Beitragvon Milady de Winter » Fr 18. Aug 2017, 08:25

Sole.survivor@web.de hat geschrieben:(15 Aug 2017, 18:10)

Auch wieder ein Kopfschüttelfall. Ein schweizer Hotel hat ein in der Formulierung unerträgliches Schild aufgehängt. Statt die Besitzerin mal anzusprechen geht die große social media Welle los, Forderungen nach Schließungen und schwarzen Listen.

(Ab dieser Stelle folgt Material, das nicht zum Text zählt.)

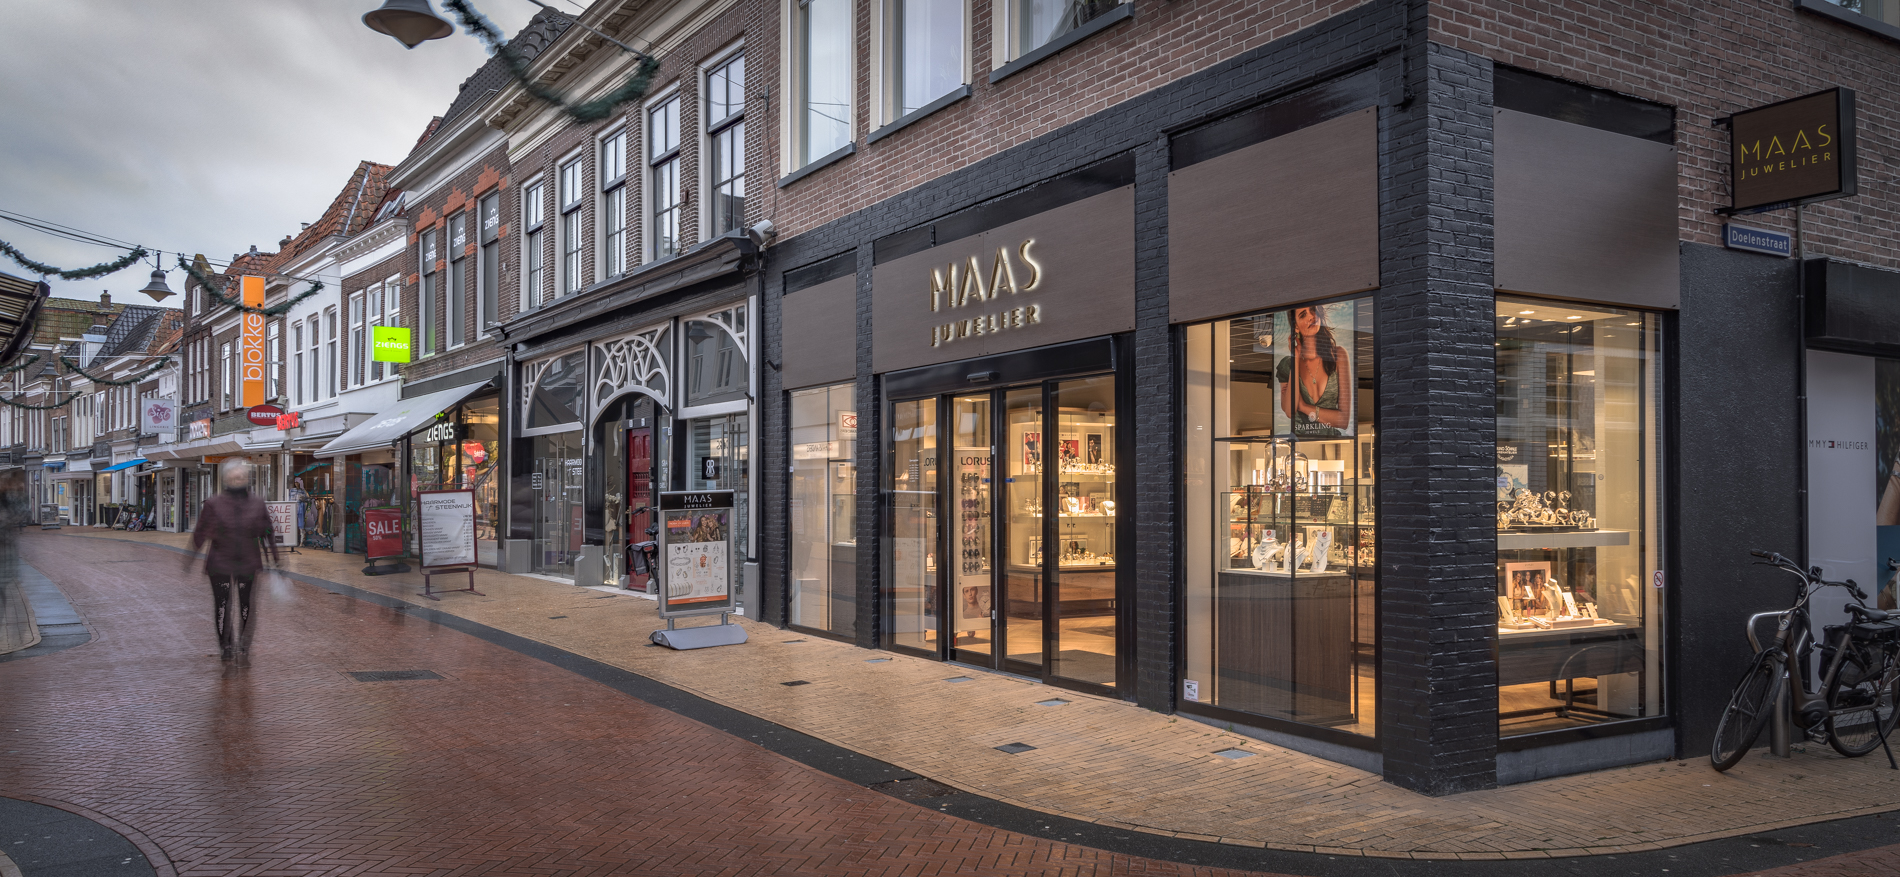 Juwelier Maas | Steenwijk (NL) - Schmuck

Dabei lag nach allem, was man hört, eher Unbedarftheit als böse Absicht vor. http://m.spiegel.de/panorama/gesellscha ... 62990.html Die Leut erregen sich zu gern.

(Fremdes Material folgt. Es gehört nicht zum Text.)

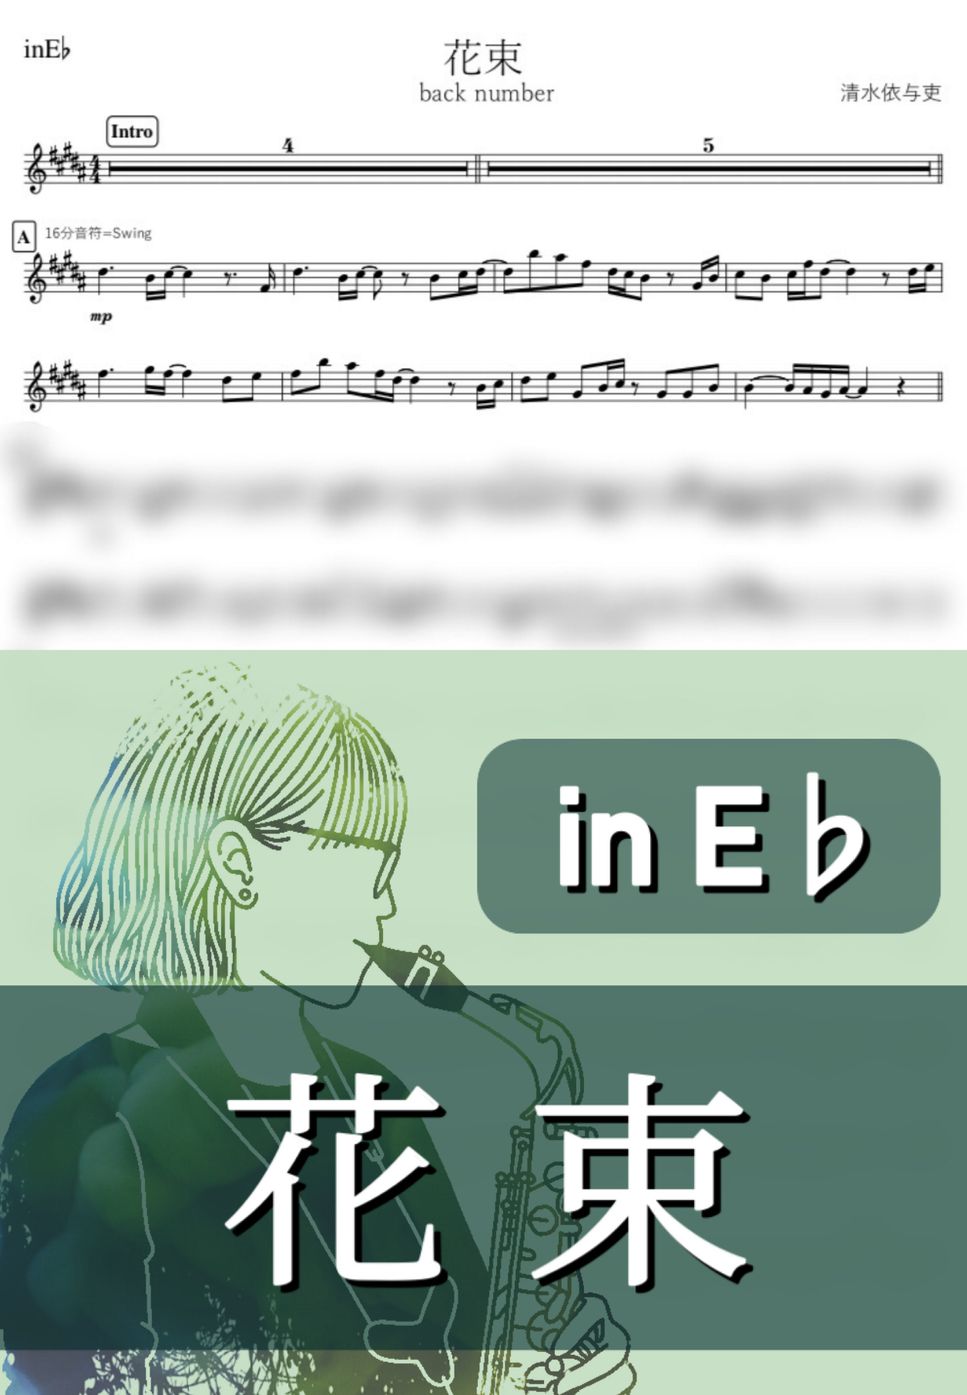 back number - 花束 (E♭) by kanamusic

Also ganz ehrlich: ich persönlich frage mich, wie man so eine Formulierung überhaupt in Erwägung zieht. Und zwar nicht, weil es sich um jüdische Gäste handelt, sondern weil es schlicht ein Unding ist, eine allgemeingültige - valide - Forderung auf eine spezielle Gruppe von Gästen zu beschränken. Wenn darum gebeten wird, vor Benutzung des Schwimmbades zu duschen, dann muss diese Bitte an ALLE Benutzer des Beckens erfolgen, egal ob Gast, Angestellter oder sonstwer. Das Wort "jüdische Gäste" hat in dem Kontext in meinen Augen natürlich eine ganz besondere Brisanz, aber man kann es durch jede x-beliebige Gruppe ersetzten: wir bitten unsere deutschen/indischen/muslimischen/über 60-jährigen/dunkelhäutigen Gäste...". Es ist und bleibt völlig absurd in meinen Augen. Und ich nenne das ehrlich gesagt nicht Unbedarftheit, sondern Dummheit.

Zeigt aber, dass so ein kapitaler Fehler nicht ohne Folgen bleibt. Dafür ist die Social Media Welt zu stark und zu präsent. Auch das sollte jedem - spätestens nach so einem Fall - bewusst sein.